The World’s Greatest Shave held in March raises funds for research and support to families facing blood cancer. In this 50th year for Curtin and WAIT, the University is aiming to have 50 people join Curtin’s World’s Greatest Shave team. Participants will be happy to know that these open razors are not the tools used for shaving on the day.
These vintage razors with folding handles and honed steel blades were marketed as open razors by the Sheffield manufacturers, and are also known as cut-throat or straight razors.

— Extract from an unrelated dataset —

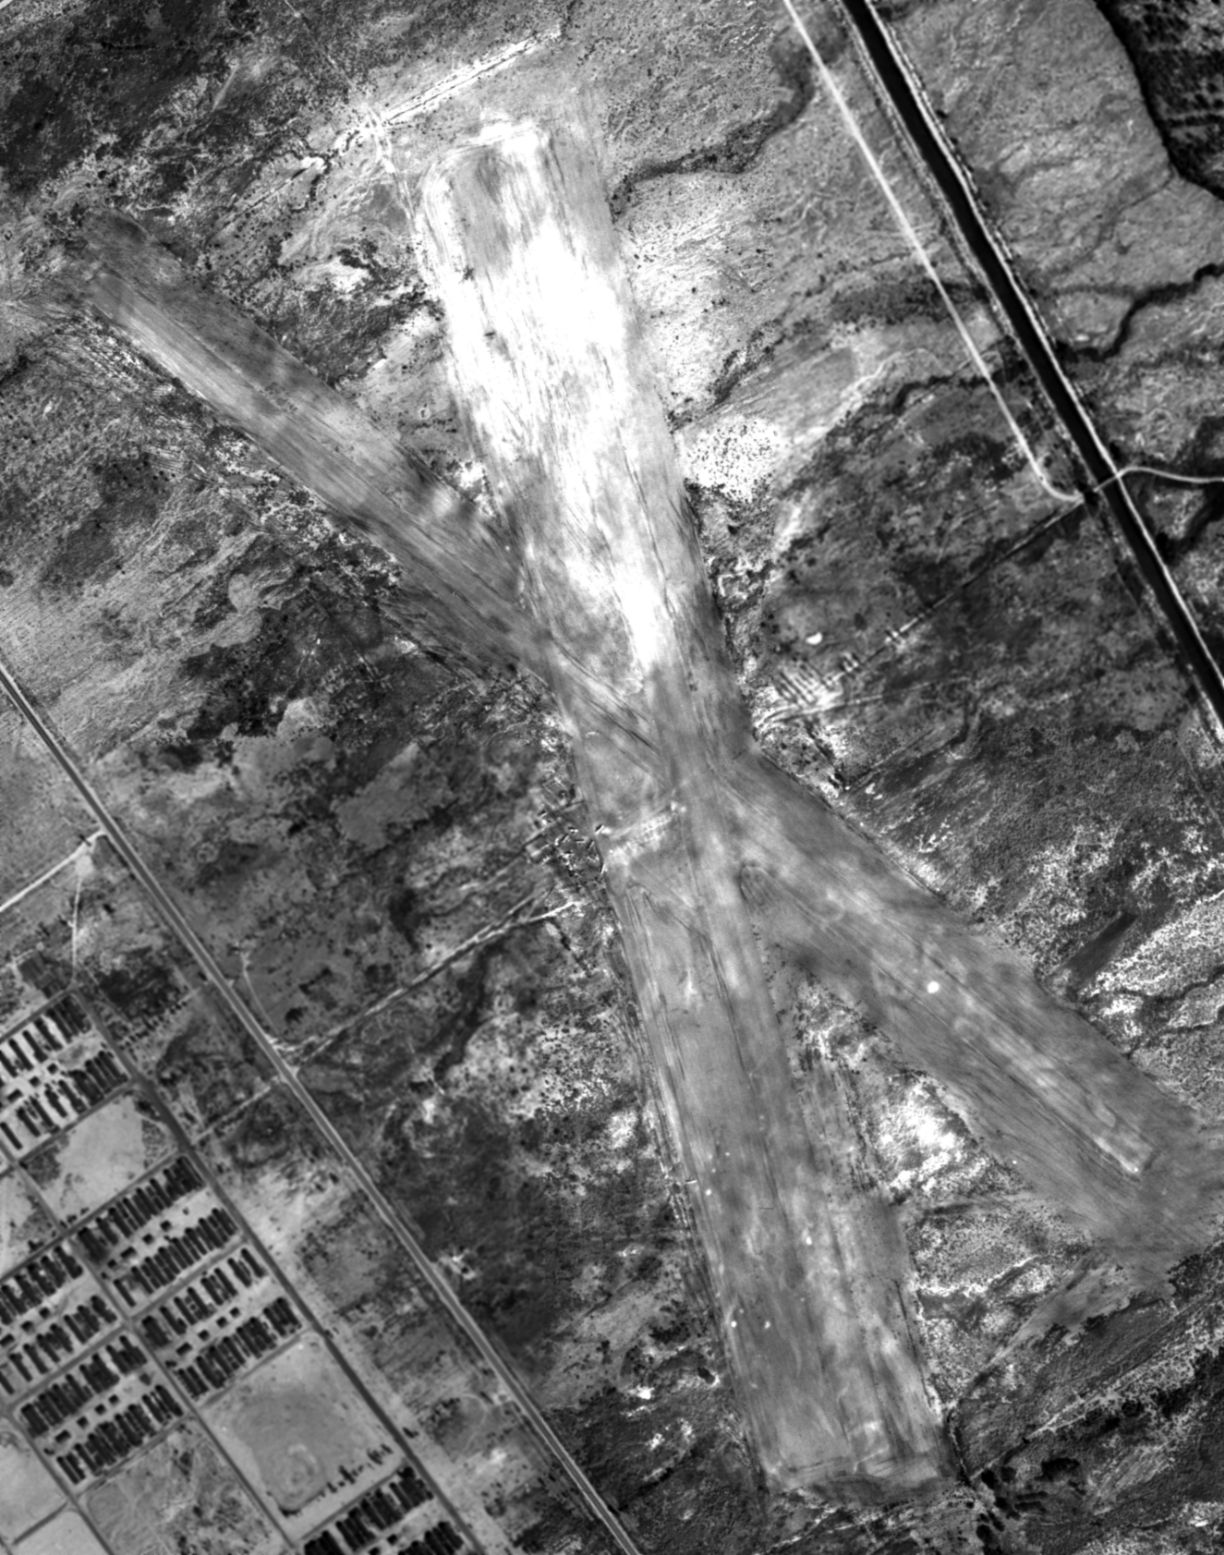 Aerial view of the Manzanar Airstrip, Inyo County, California, United States showing a portion of the Manzanar Relocation Center across the highway, 1 Oct 1944.
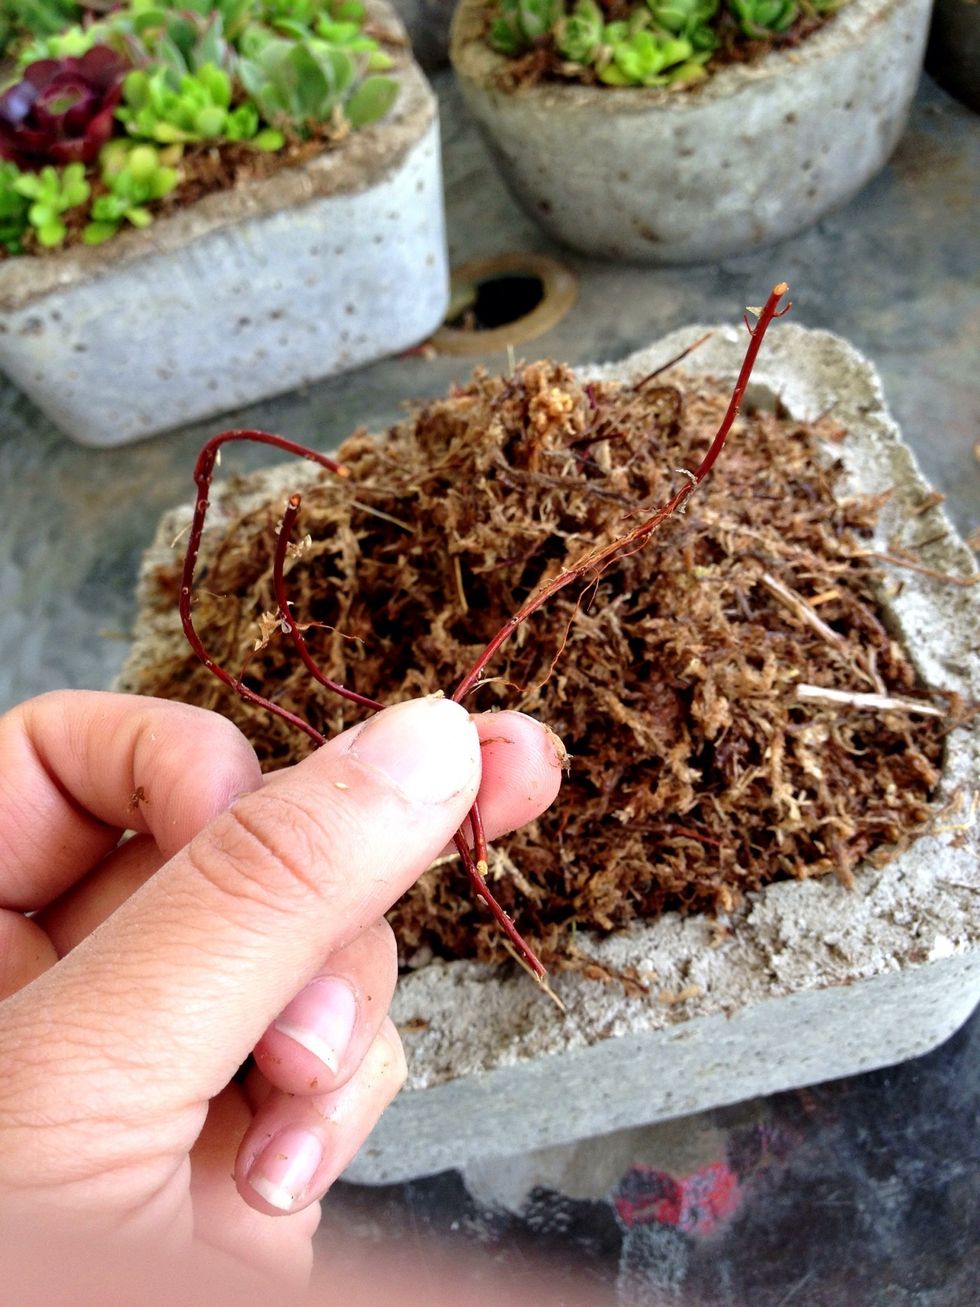 Remove any hard stems from the moss.

These particular razors were the personal property of John Curtin and would have accompanied him on his travels by train and ship back and forth across Australia, and on two international journeys.
JCPML00287/6 Two Bengall razors, manufactured by T. R. Cadman & Sons, Sheffield.
JCPML00287/5 The Club Razor, manufactured in Germany.
Curtin’s journeys on trains, ships, planes and, during his 1944 overseas trip, on flying boats, would have tested his skill with an open razor on many a bumpy ride. Towards the end of his life, Curtin was asked about highlights in his career. His daughter Elsie MacLeod recalled his response.
After thinking for a moment he named one: “Shaving myself with a cut-throat razor high in the sky at the point of no return, midway across the Atlantic in 1944”.
John Curtin died in 1945, the year after making that challenging war time journey. The razors were kept in the Curtin family home in Cottesloe for many years, before being donated to the John Curtin Prime Ministerial Library by members of the Curtin family.
References:
JCPML00964/202 Elsie MacLeod, letter to the National Times, 20-26 May 1983.